Подошел к концу проект «Сто лекций» с Дмитрием Быковым, и пришло время подводить итоги исследованию русской литературы XX века. Итог получился двойственный, потому что, пока проза безуспешно пыталась вернуться к былому величию, жанр фэнтези бил все рекорды и быстро стал мейнстримом. Что же все-таки представляет себя русский литературный XX век? Дмитрий Быков подвел итоги своего курса лекций.
Добрый вечер, дорогие друзья! С облегчением сообщаю вам, что сегодня мы завершаем цикл «Сто лет ― сто книг». Это сто первая лекция, а даже, может, пожалуй, и сто вторая, потому что после первых пятидесяти подводили мы итог пятидесятилетия, ну, и сейчас подводим итог столетия. Конечно, очень беглый, очень волюнтаристски личный, очень приблизительный. Но, как вы понимаете, подвести итоги XX века в русской литературе ― это задача многотомной энциклопедии, а мы наметим лишь первые пролегомены к такой энциклопедии.
Хочу вам сразу сказать, что мы не расстаёмся. У нас будет следующий цикл, следующие лекции. Спасибо вам за то, что вы сами на этом настаиваете, да и мне, честно говоря, жаль было бы лишиться этой сладкой каторги. Поэтому мы, конечно, в будущем году увидимся в новом формате, а пока закругляем свой разговор о ста годах русской литературы.
Три тенденции налицо. Во-первых, когда мы говорим о русской литературе XIX века, мы должны заметить, что она прошла самый стремительный путь из всех мировых. Даже если сравнивать с такими же быстрыми и такими же стремительно развивавшимися японской, скандинавской литературами, вообще со странами с таким особенно пылким и особенно мучительным модерном, отягощенным муками совести, разборками с традициями и так далее, ― даже на этом фоне Россия всё-таки рекордсмен.
Понимаете, сто лет прошло между пьесами Капниста «Ябеда» и Чехова «Вишневый сад». От классической классицистской комедии нравов до абсурдистской трагикомедии, которая определила во многом драматургию всего XX, да отчасти и XXI века. Этот путь пройден за 105 лет, понимаете?
Между 1798 и даже 1824, когда Грибоедов заканчивает «Горе от ума», уже путь, на который у других стран уходили столетия. Очень не хочется на фоне сегодняшней такой патриотической истерики как бы впадать в очередное упоение, но ничего не поделаешь: приходится признать, что мы самые-самые. Конечно, такого стремительного развития не было.
XX век ― это совершенно другая история. Такого стремительного развития, конечно, он не знал. Двадцатый век был во многом повторением девятнадцатого. Понятное дело, что русская история всегда крутится по одному и тому же циклу. Труба пониже и дым пожиже, вместо золотого века был серебряный, а потом и медный, в 70-е годы ― такой бронзовый век русской культуры.

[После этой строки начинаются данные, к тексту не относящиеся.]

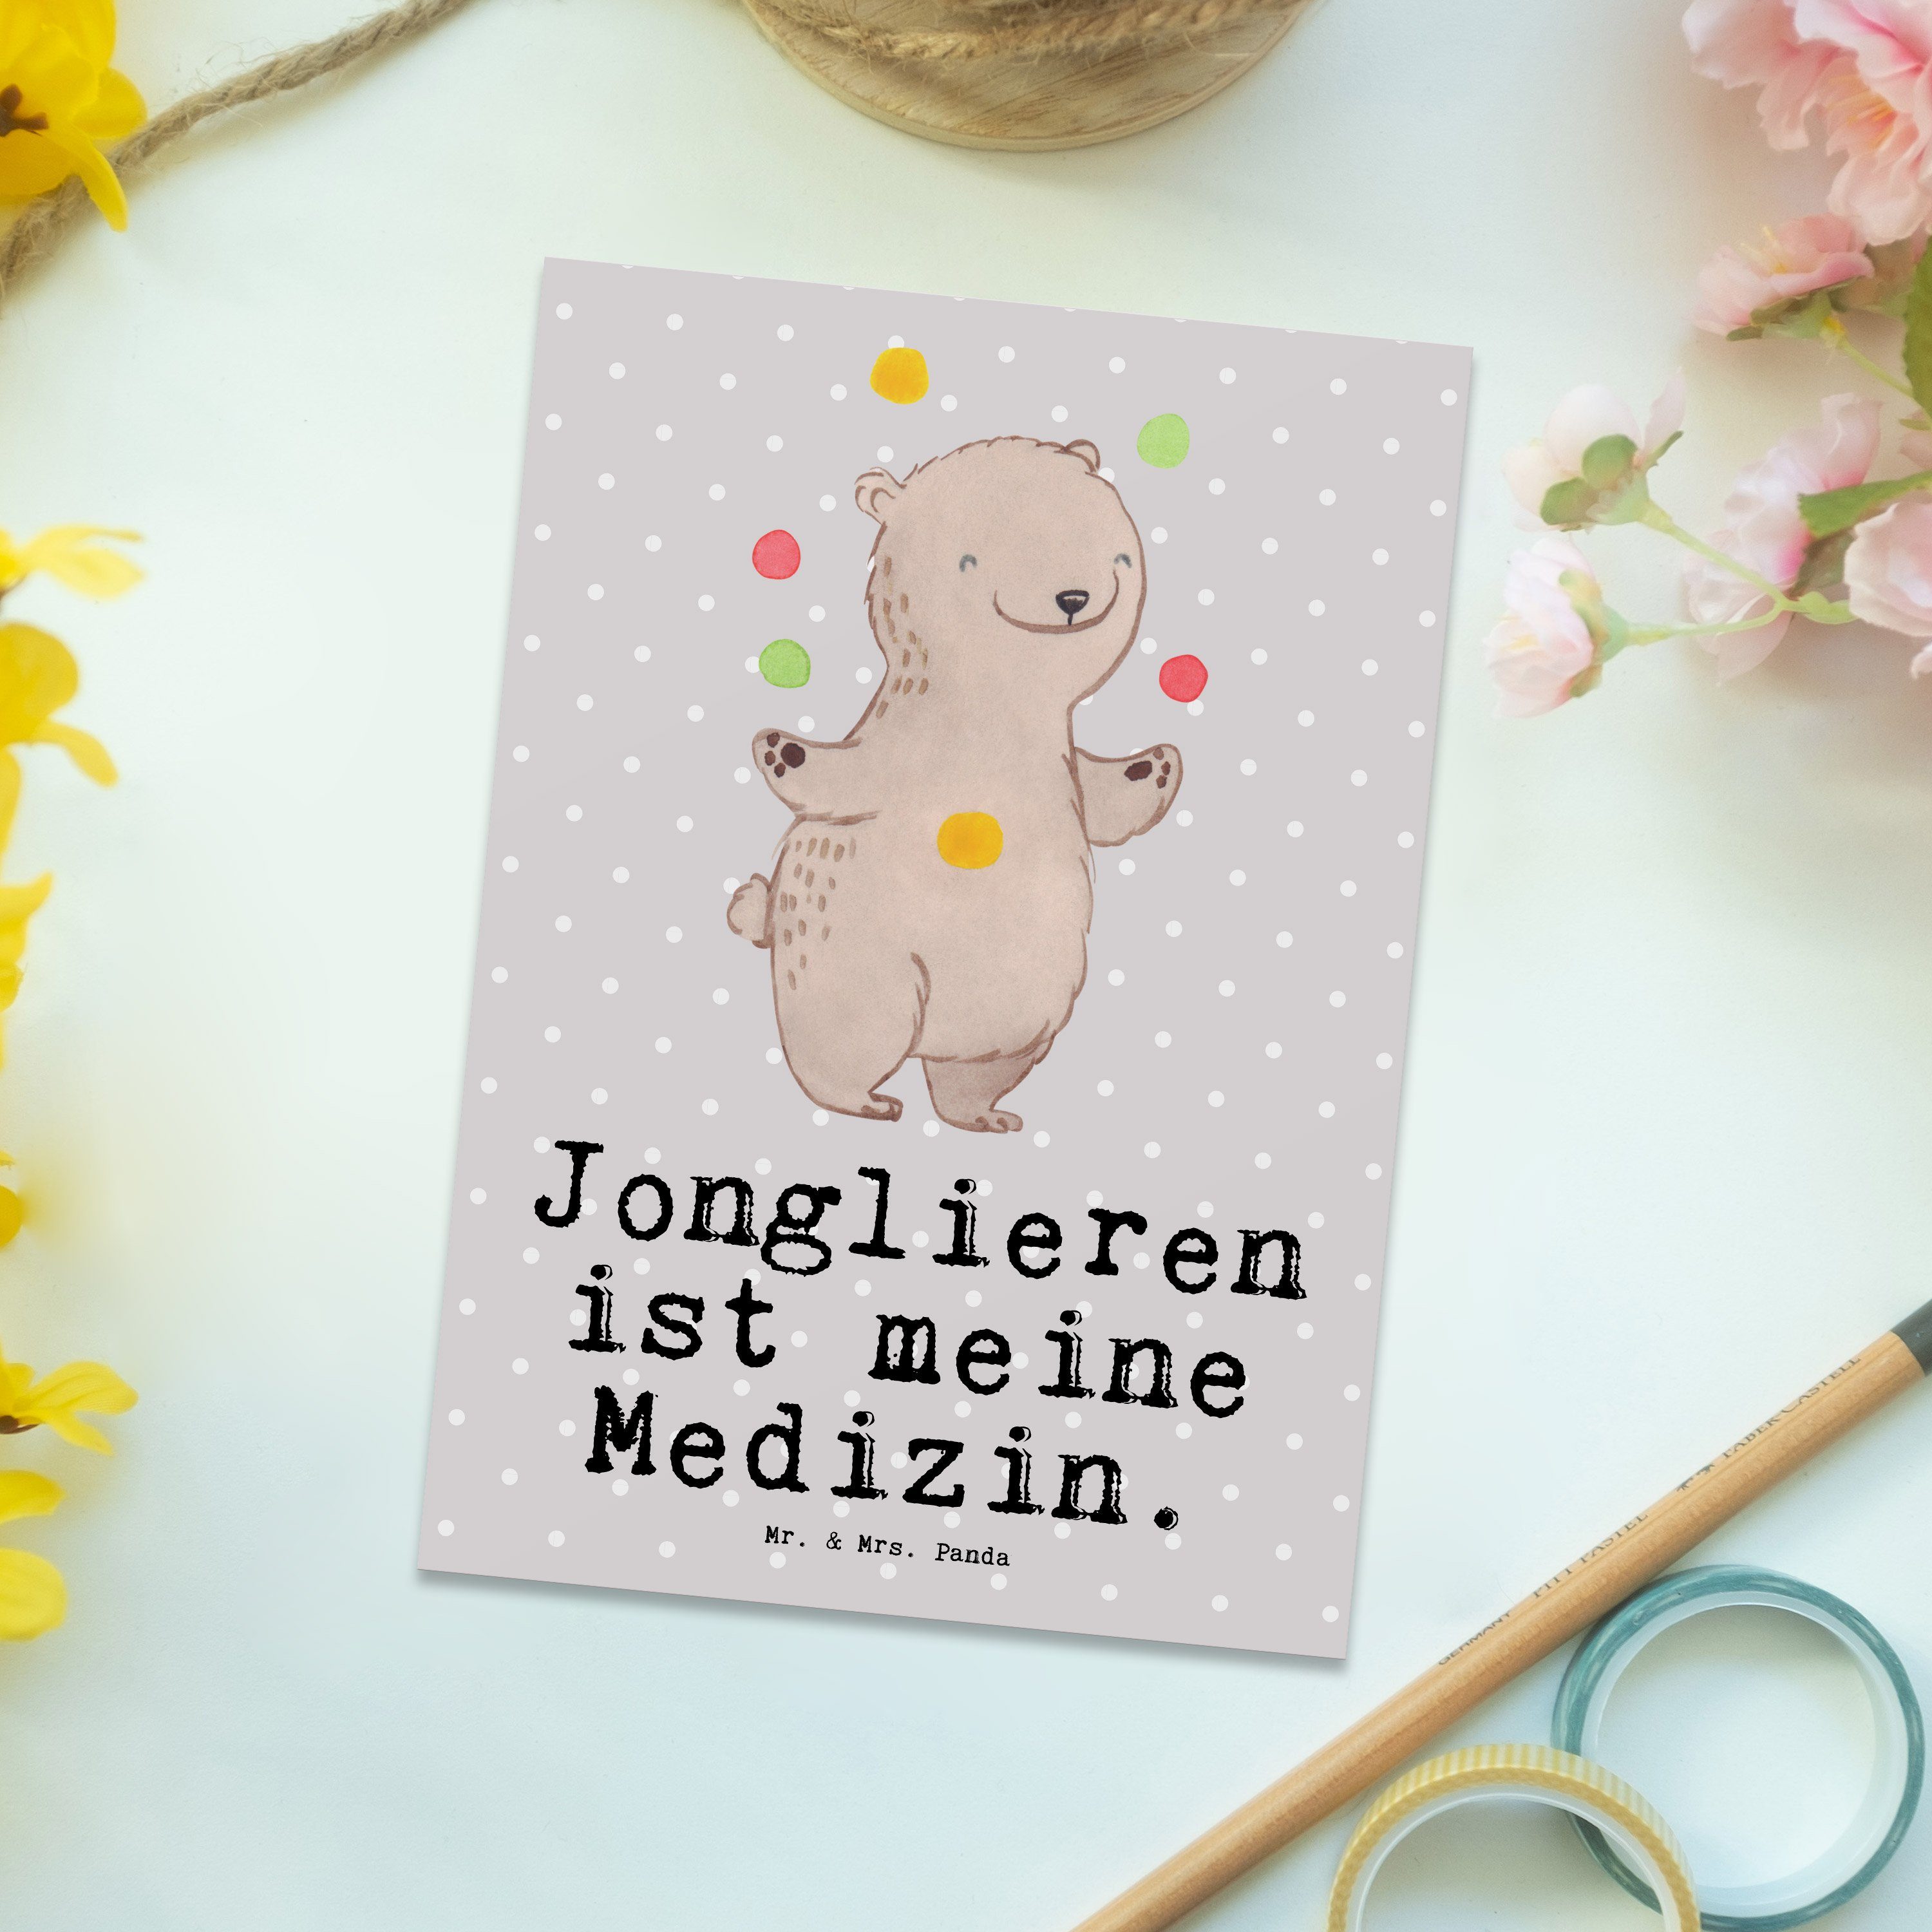 Mr. & Mrs. Panda Postkarte Bär Jonglieren Medizin - Grau Pastell - Geschenk, Geschenkkarte, Arti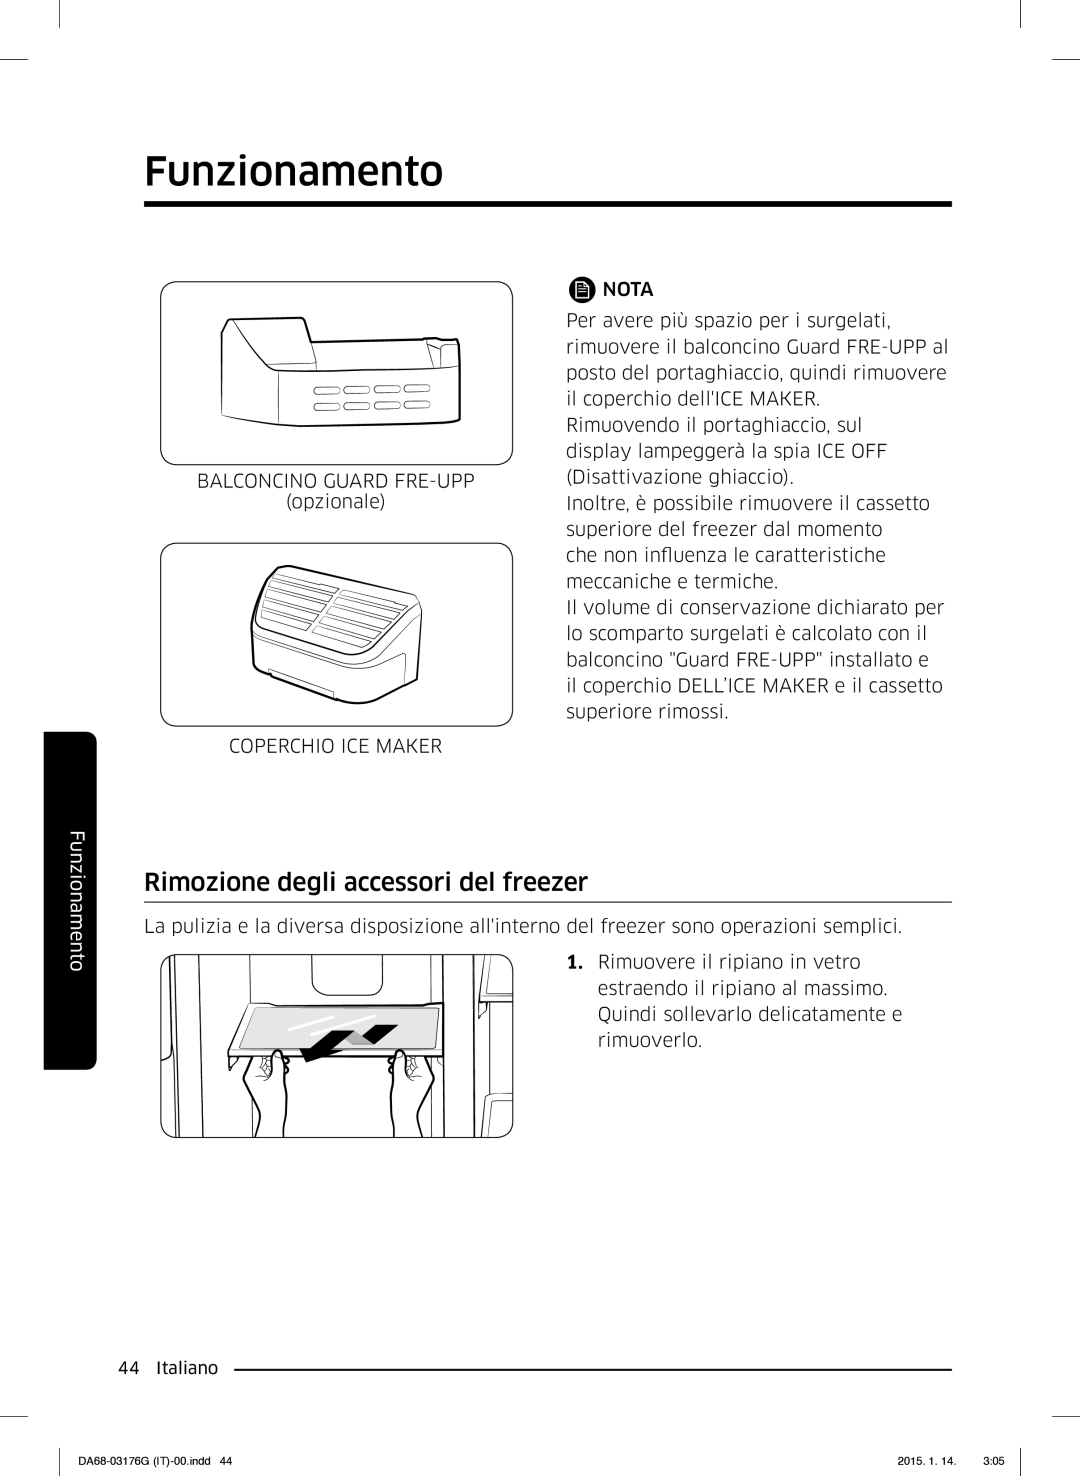 Samsung RH56J69187F/EF manual Rimozione degli accessori del freezer, Coperchio ICE Maker Nota

Но тем не менее одно несомненно. В 1917 году случился очень резкий откат назад, грандиозное упрощение всей схемы, и большая часть советского периода ушла у русской литературы на то, чтобы заново дорасти до уровня Серебряного века. Вот такова была основная тенденция. Можно сказать, что Маканин ― это такой новый Белый или новый Ремизов, что Трифонов ― это новый Чехов, что Аксёнов ― это такой коллективно сложившийся образ русской социальной фантастики, что Алексей Иванов, появившийся в девяностые годы, ― это такой Алексей Николаевич Толстой (у них действительно много общего).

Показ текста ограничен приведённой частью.